§ **Work to complete**: Write out each line below precisely, passing over the pictures.

§ **Collected data**:
• • • • •
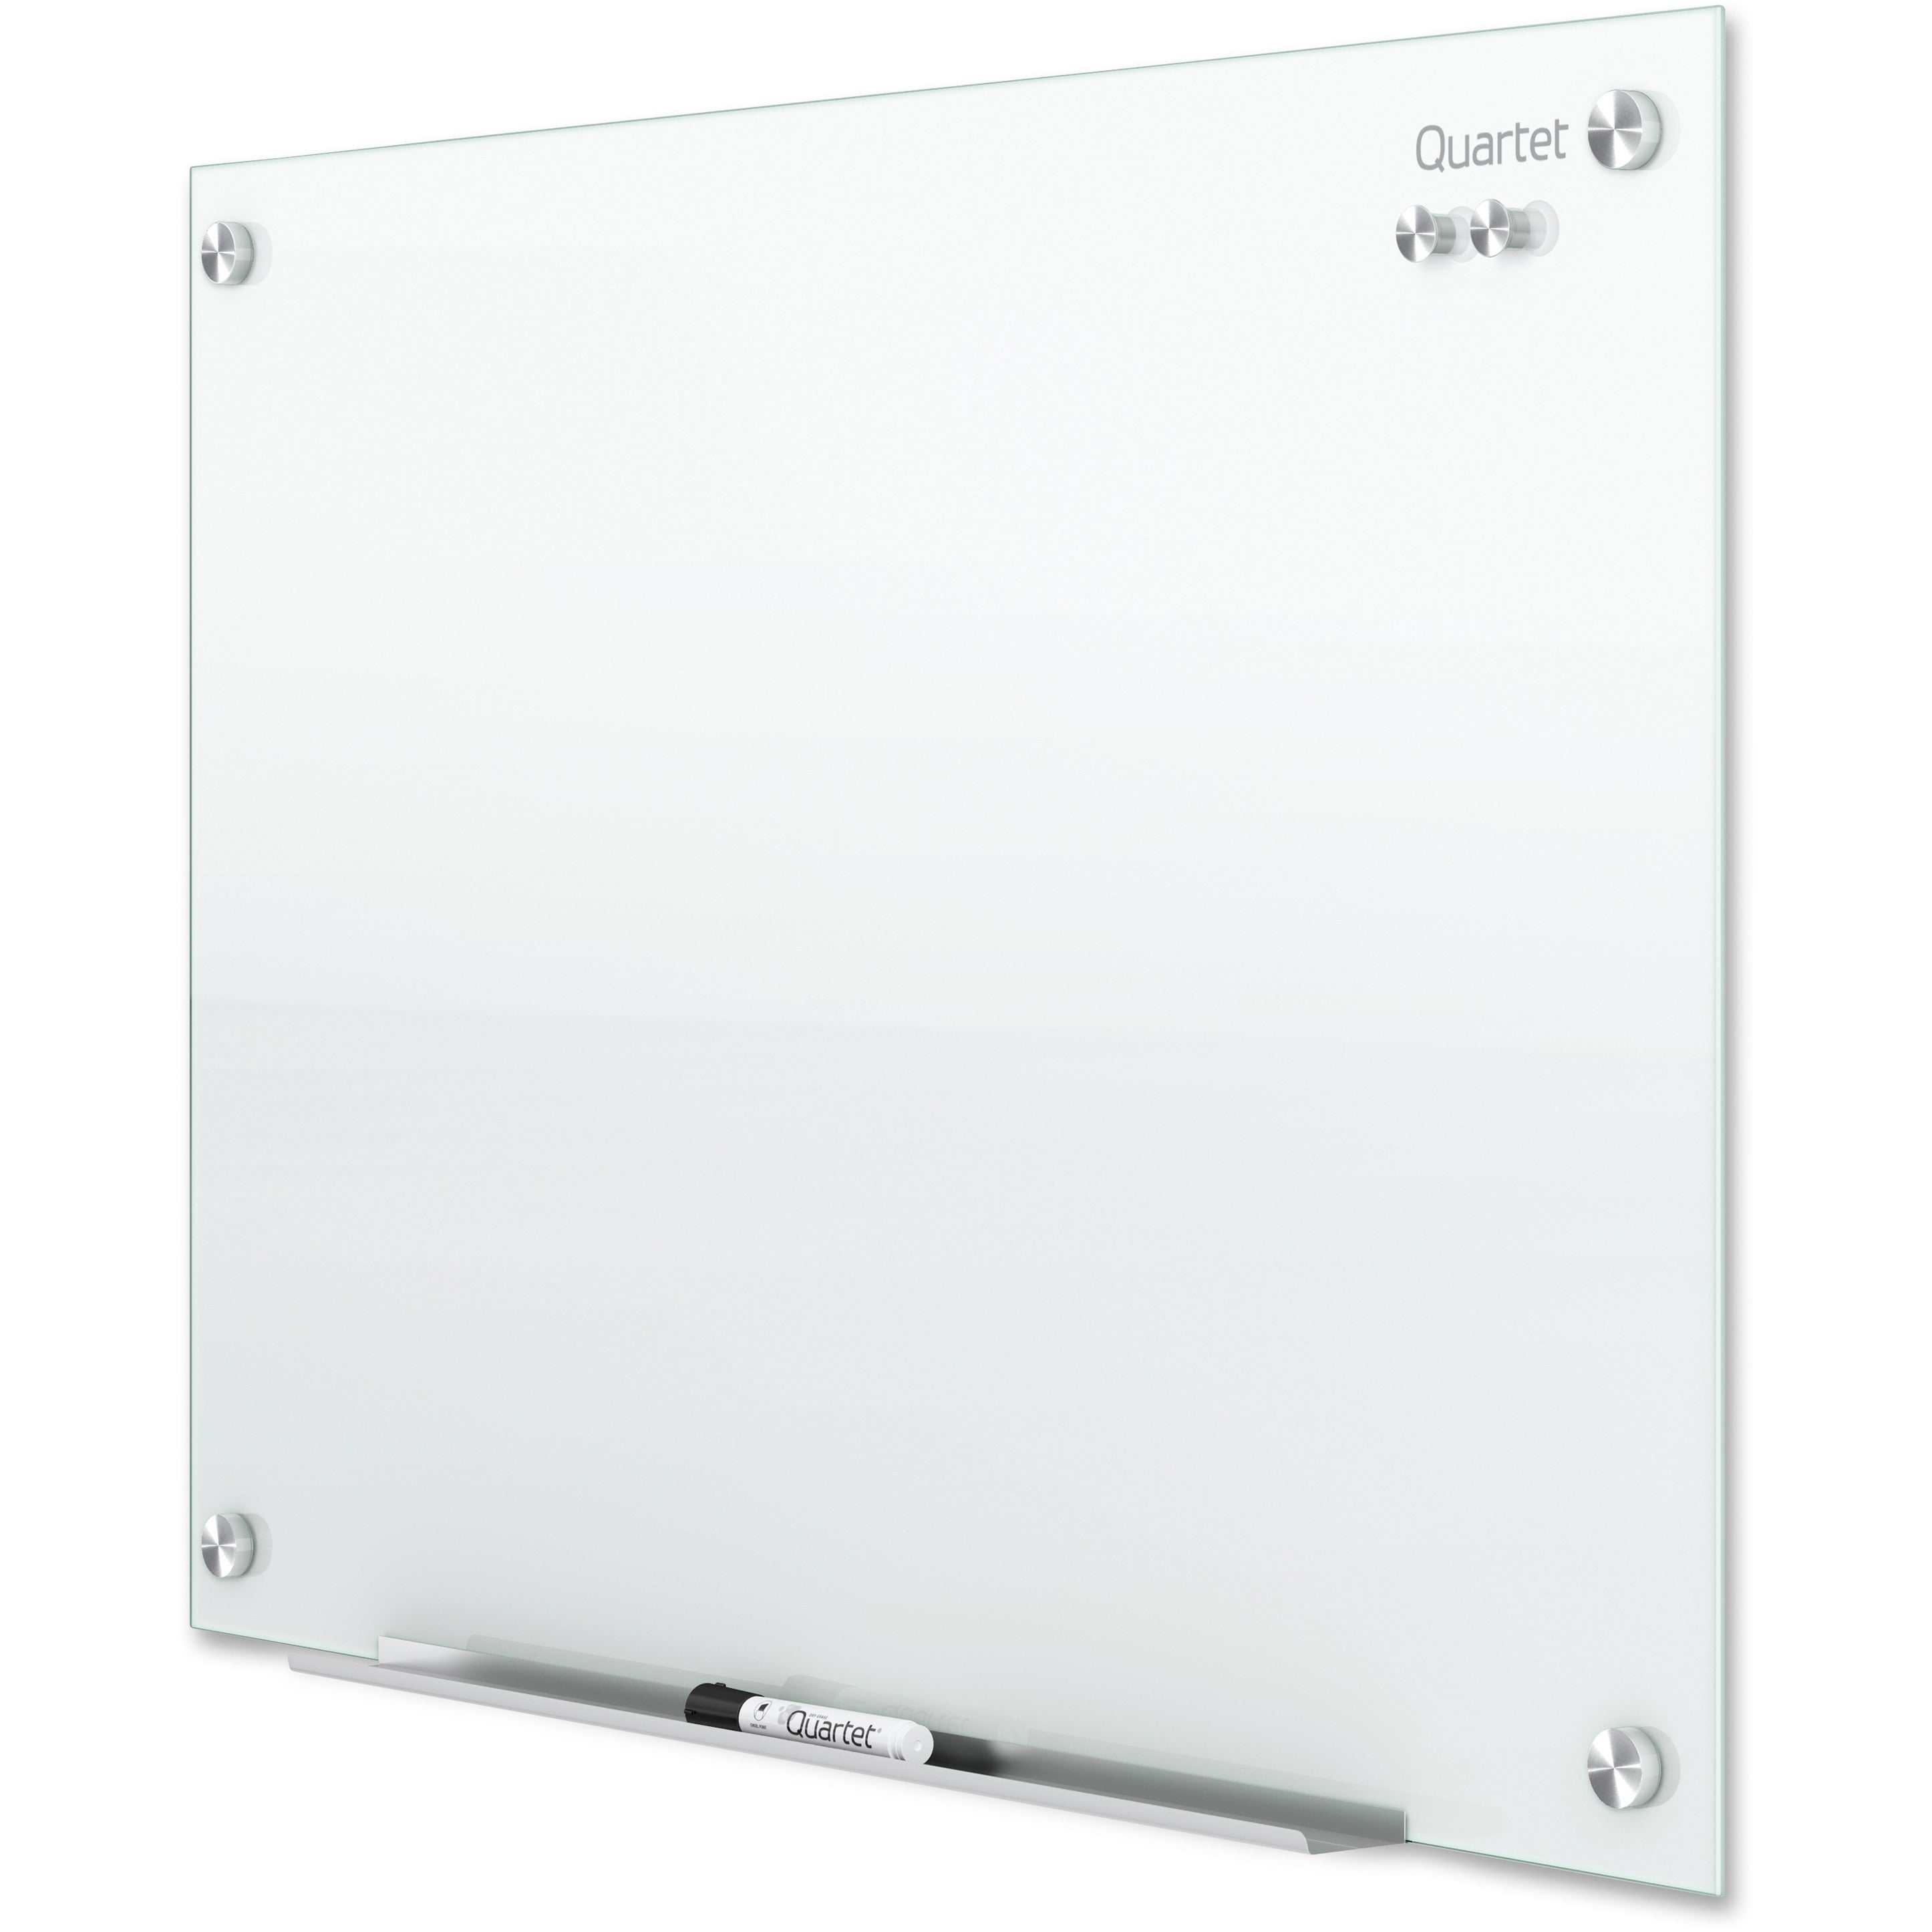 Quartet Infinity Glass Dry-Erase Whiteboard - 96" (8 ft) Width x 48" (4 ft) Height - White Tempered Glass Surface - White Frame - Horizontal/Vertical - Magnetic - 1 Each - 3
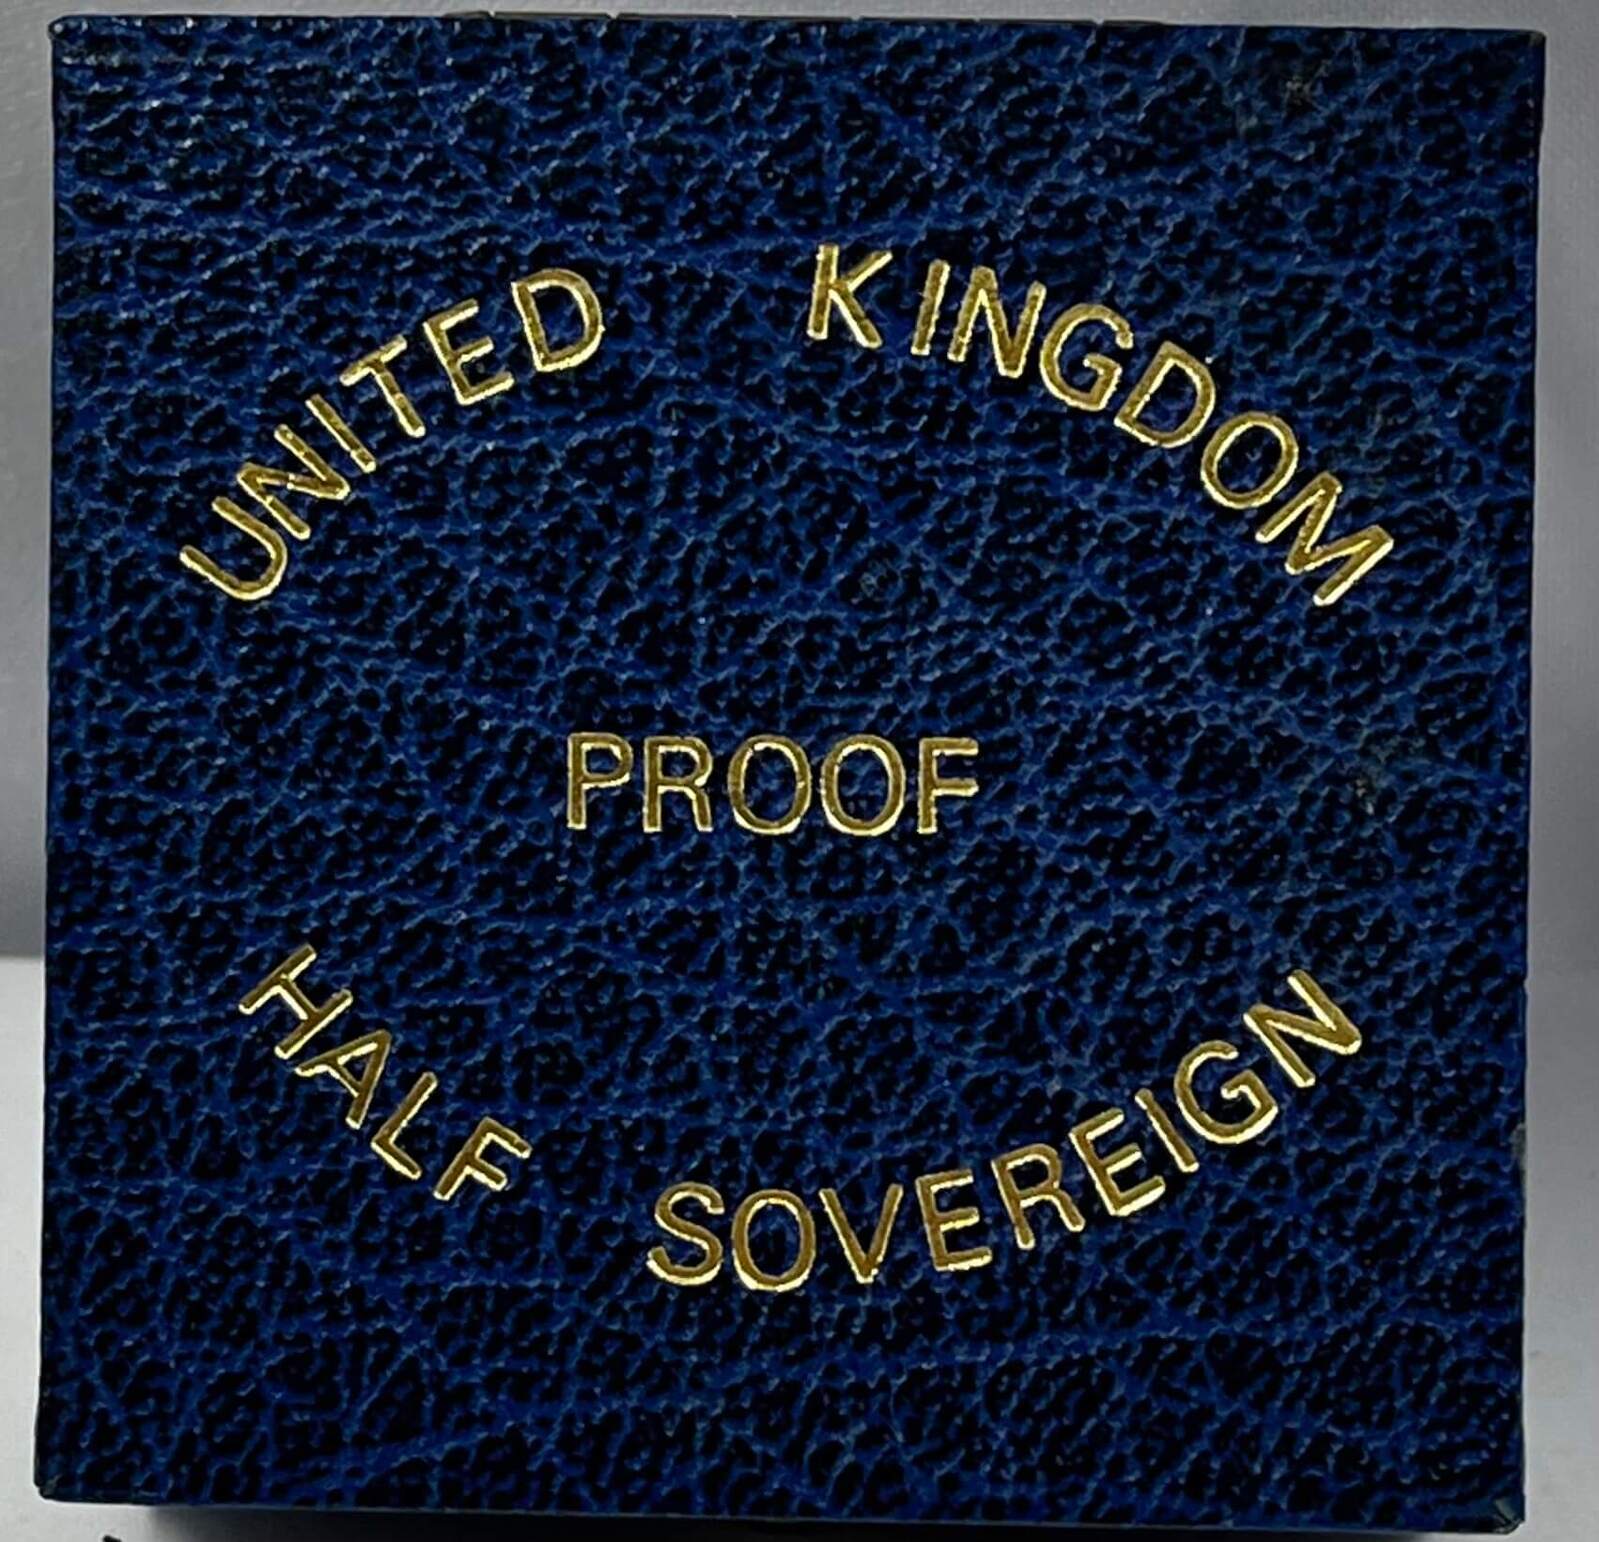 United Kingdom 1984 Half Sovereign Proof in Case product image
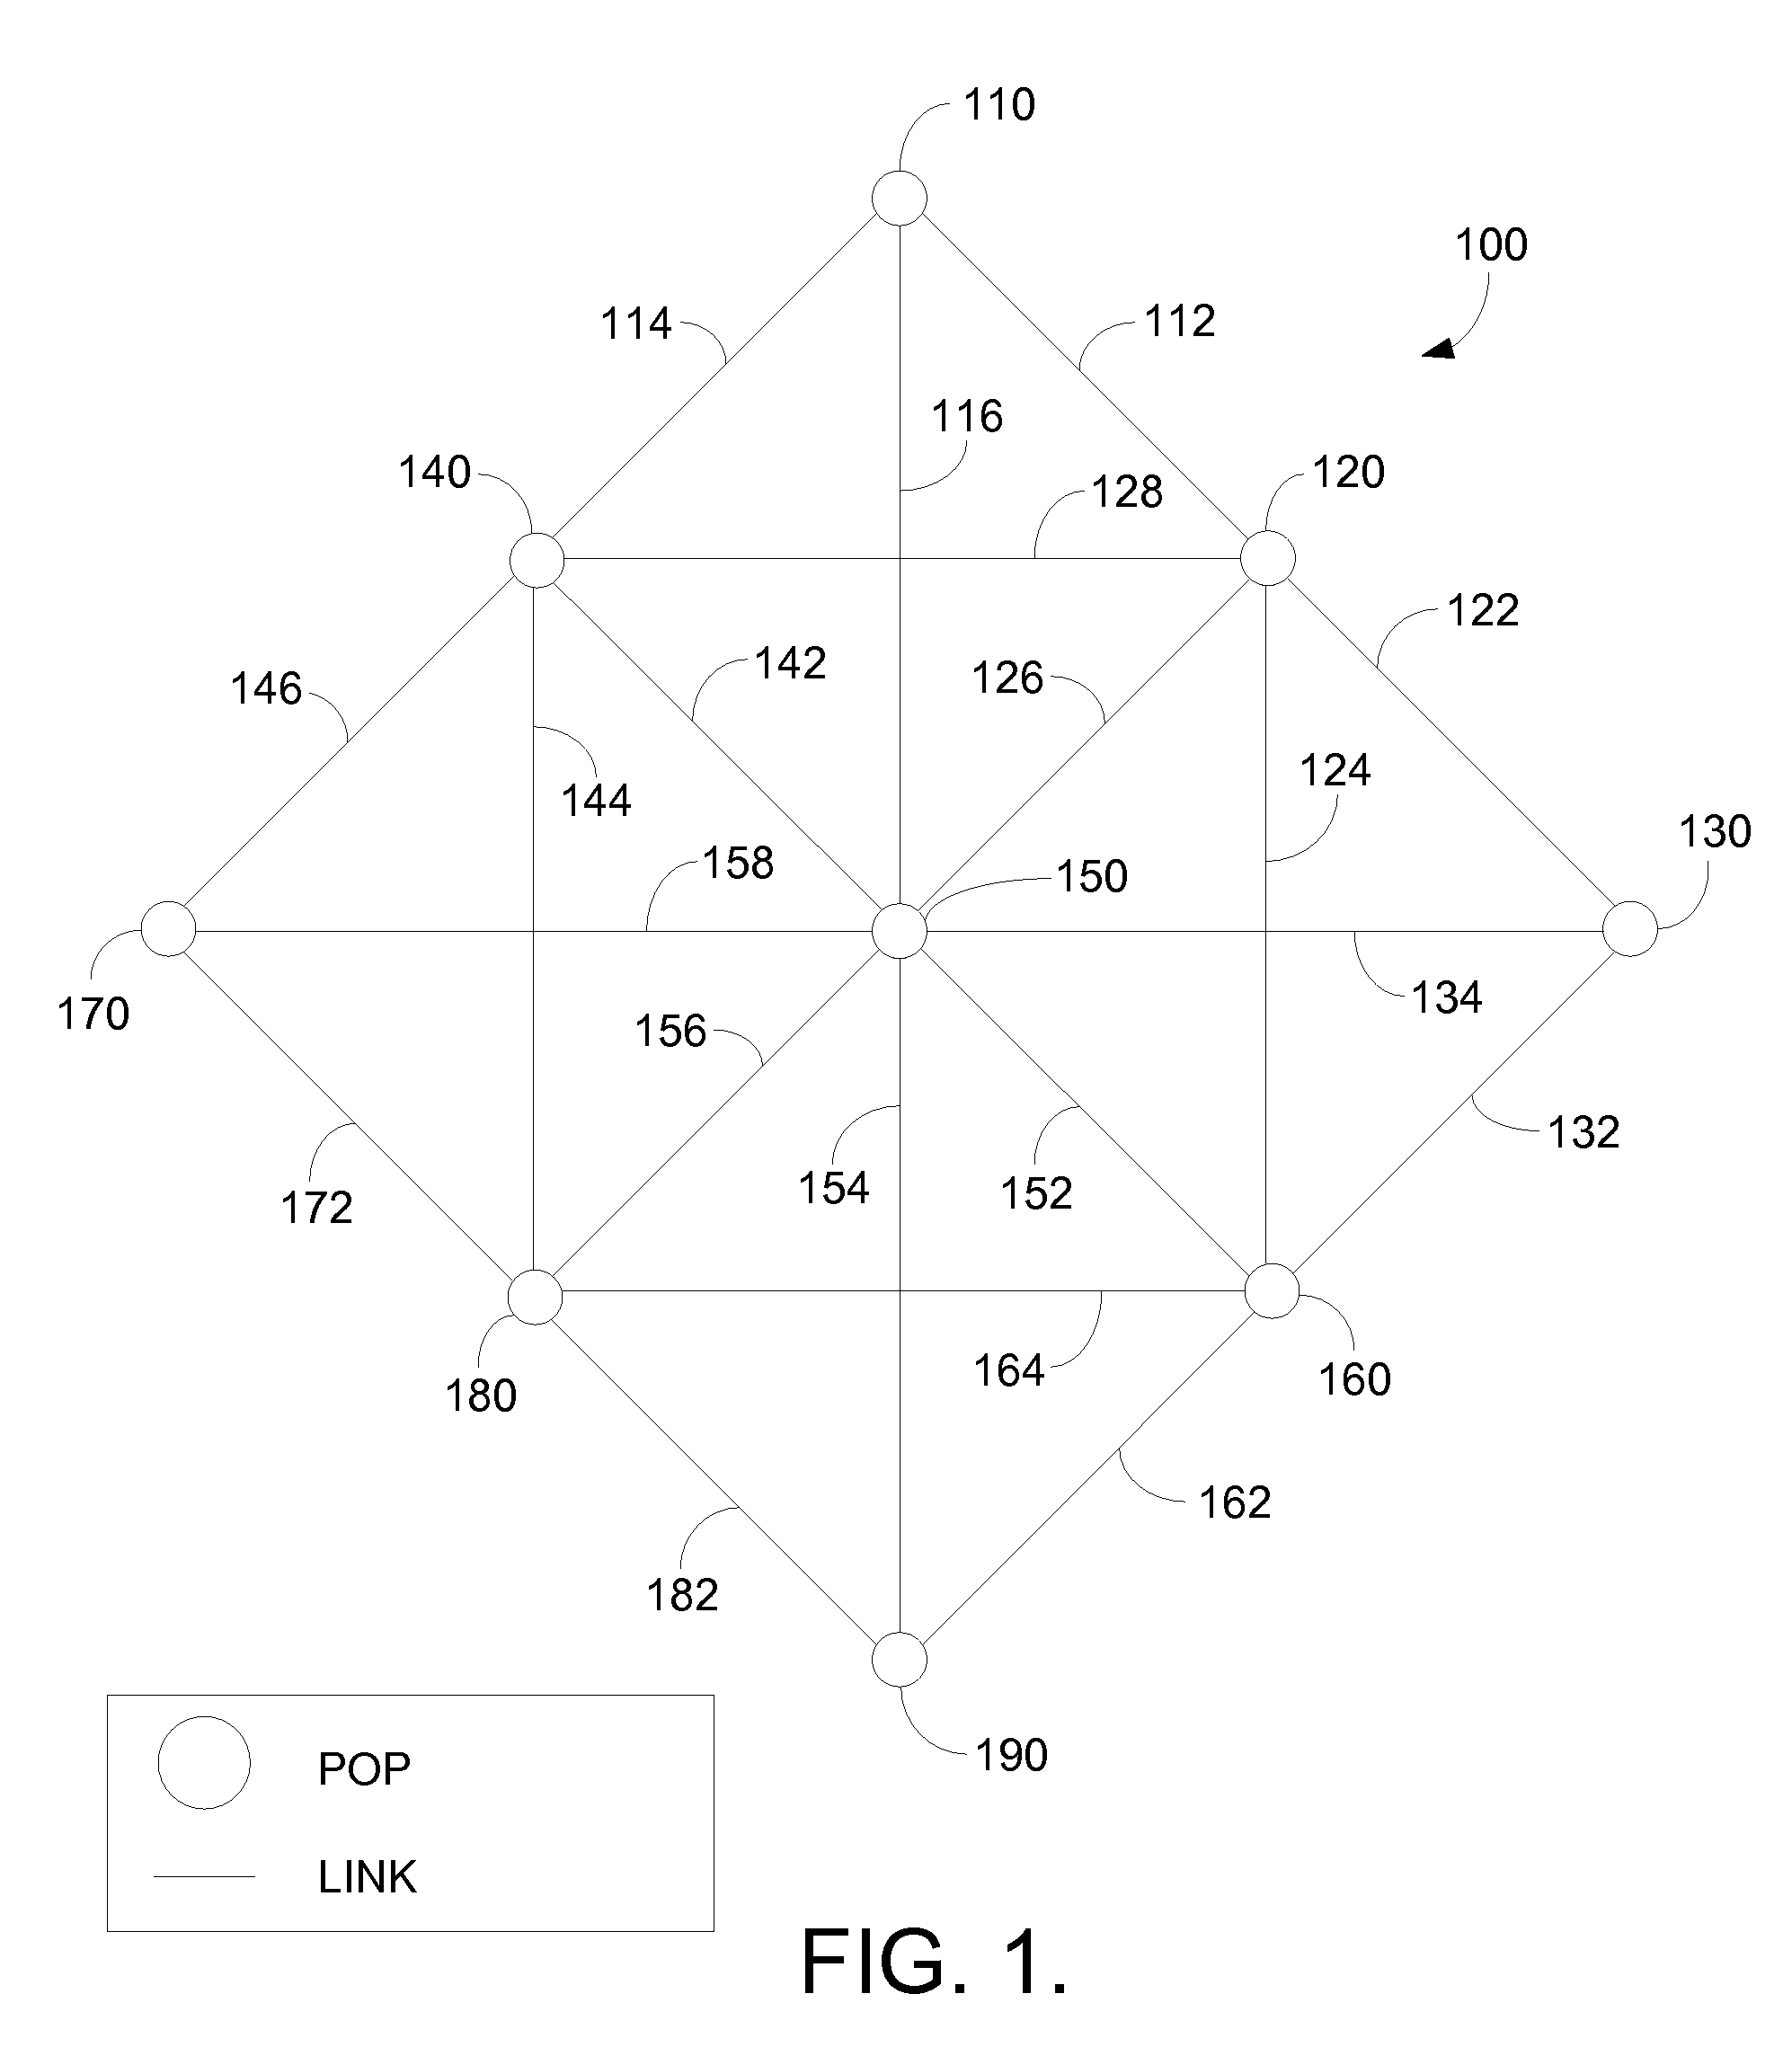 Method for deflection routing of data packets to alleviate link overload in IP networks
• • • • •
§ **Reply**:
 Quartet Infinity Glass Dry-Erase Whiteboard - 96" (8 ft) Width x 48" (4 ft) Height - White Tempered Glass Surface - White Frame - Horizontal/Vertical - Magnetic - 1 Each - 3
 United Kingdom 1984 Half Sovereign Proof in Case product image
 Method for deflection routing of data packets to alleviate link overload in IP networks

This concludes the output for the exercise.